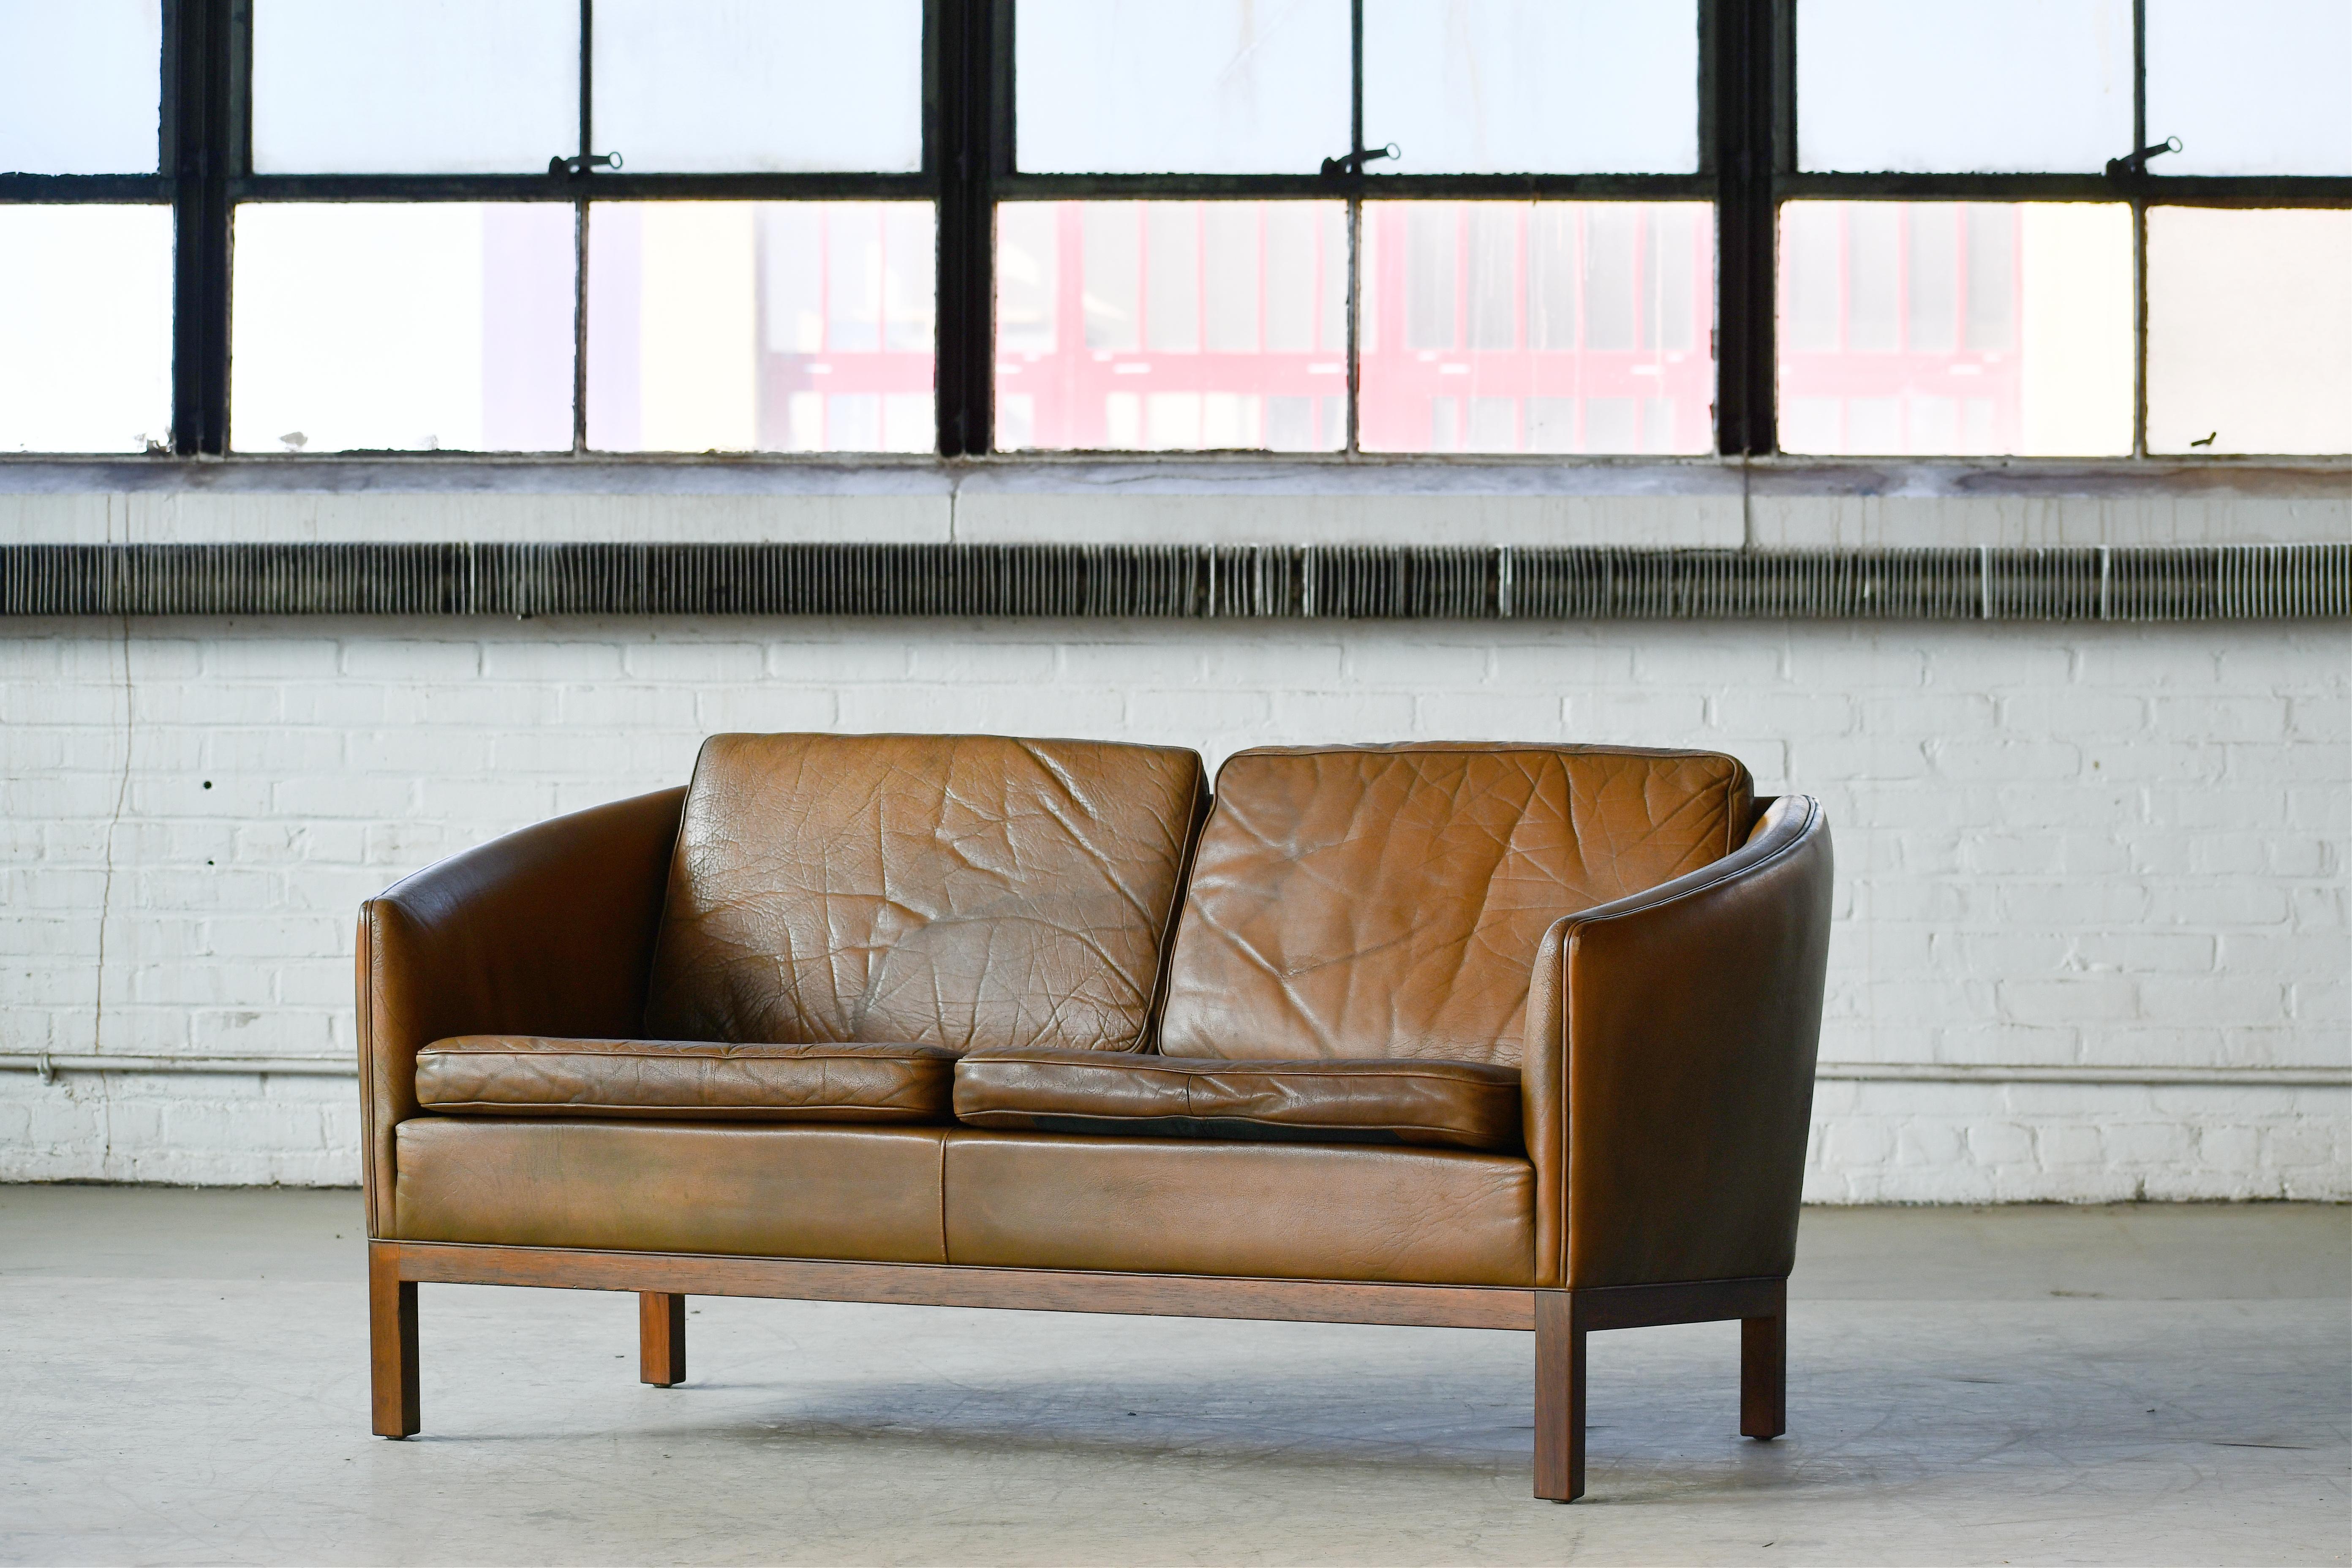 Klassisches dänisches Sofa von Illum Wikkelso in hellbraunem Büffelleder. Das Sofa steht auf einem Sockel aus Palisanderholz, der ihm Reichtum und Eleganz verleiht.  Der perfekte entspannte Look der 1960er Jahre wurde wahrscheinlich Ende der 1960er
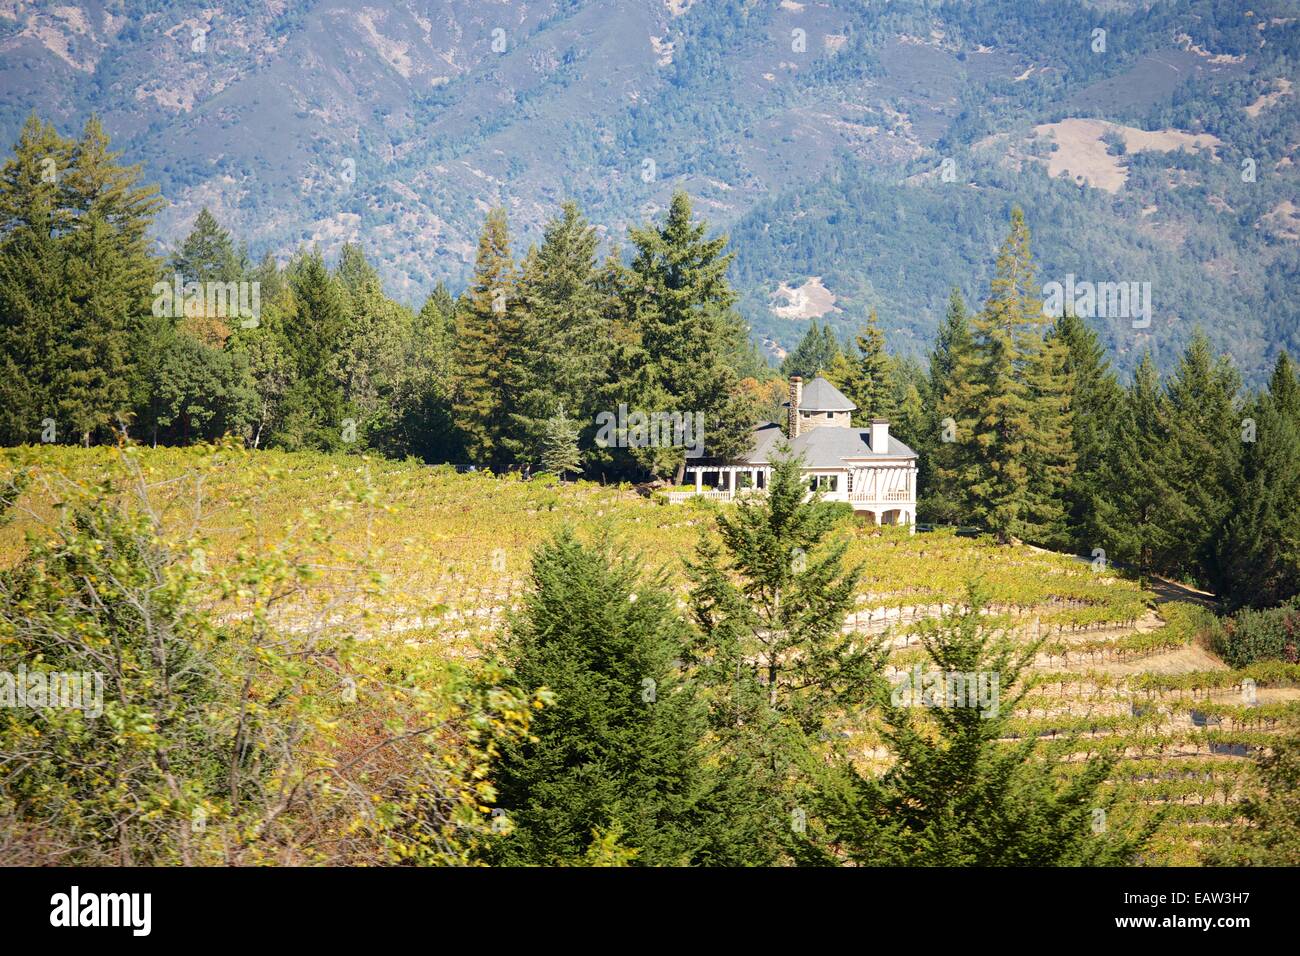 Splendide vedute dei vigneti nella famosa Napa Valley Wine Country nel nord della California, Stati Uniti d'America. Foto Stock
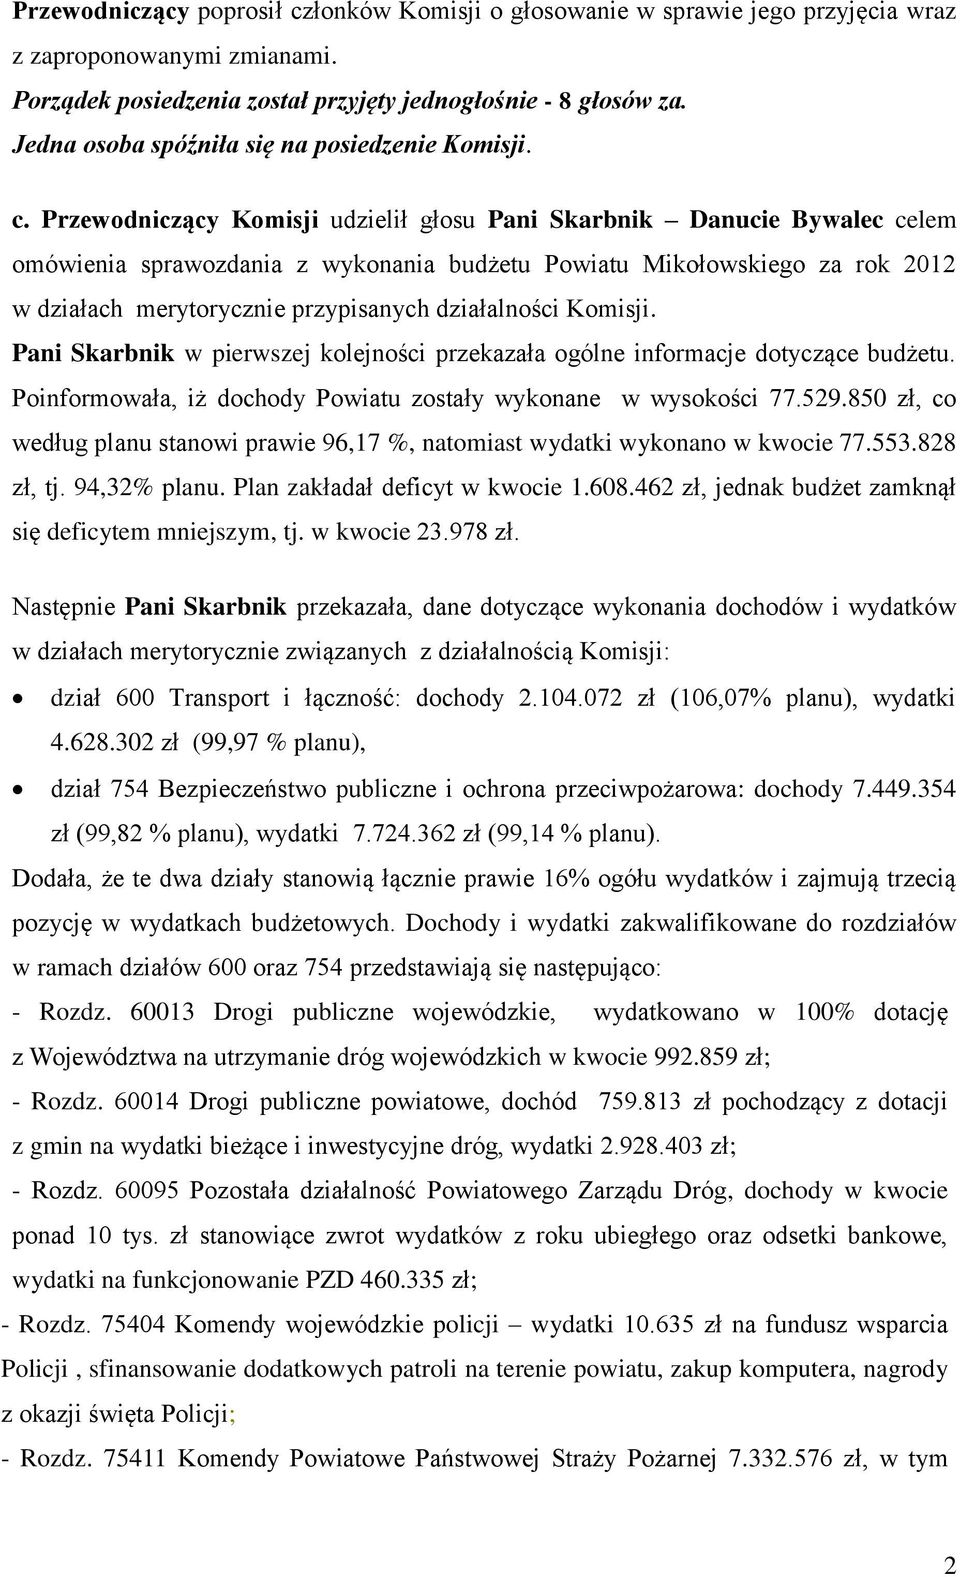 Przewodniczący Komisji udzielił głosu Pani Skarbnik Danucie Bywalec celem omówienia sprawozdania z wykonania budżetu Powiatu Mikołowskiego za rok 2012 w działach merytorycznie przypisanych

→ **Problem description**: Would you please retype the material above exactly and leave out each picture?

→ **Solution to the exercise**:
 Klassisches dänisches Sofa von Illum Wikkelso in hellbraunem Büffelleder. Das Sofa steht auf einem Sockel aus Palisanderholz, der ihm Reichtum und Eleganz verleiht.  Der perfekte entspannte Look der 1960er Jahre wurde wahrscheinlich Ende der 1960er
 Splendide vedute dei vigneti nella famosa Napa Valley Wine Country nel nord della California, Stati Uniti d'America. Foto Stock
 Przewodniczący Komisji udzielił głosu Pani Skarbnik Danucie Bywalec celem omówienia sprawozdania z wykonania budżetu Powiatu Mikołowskiego za rok 2012 w działach merytorycznie przypisanych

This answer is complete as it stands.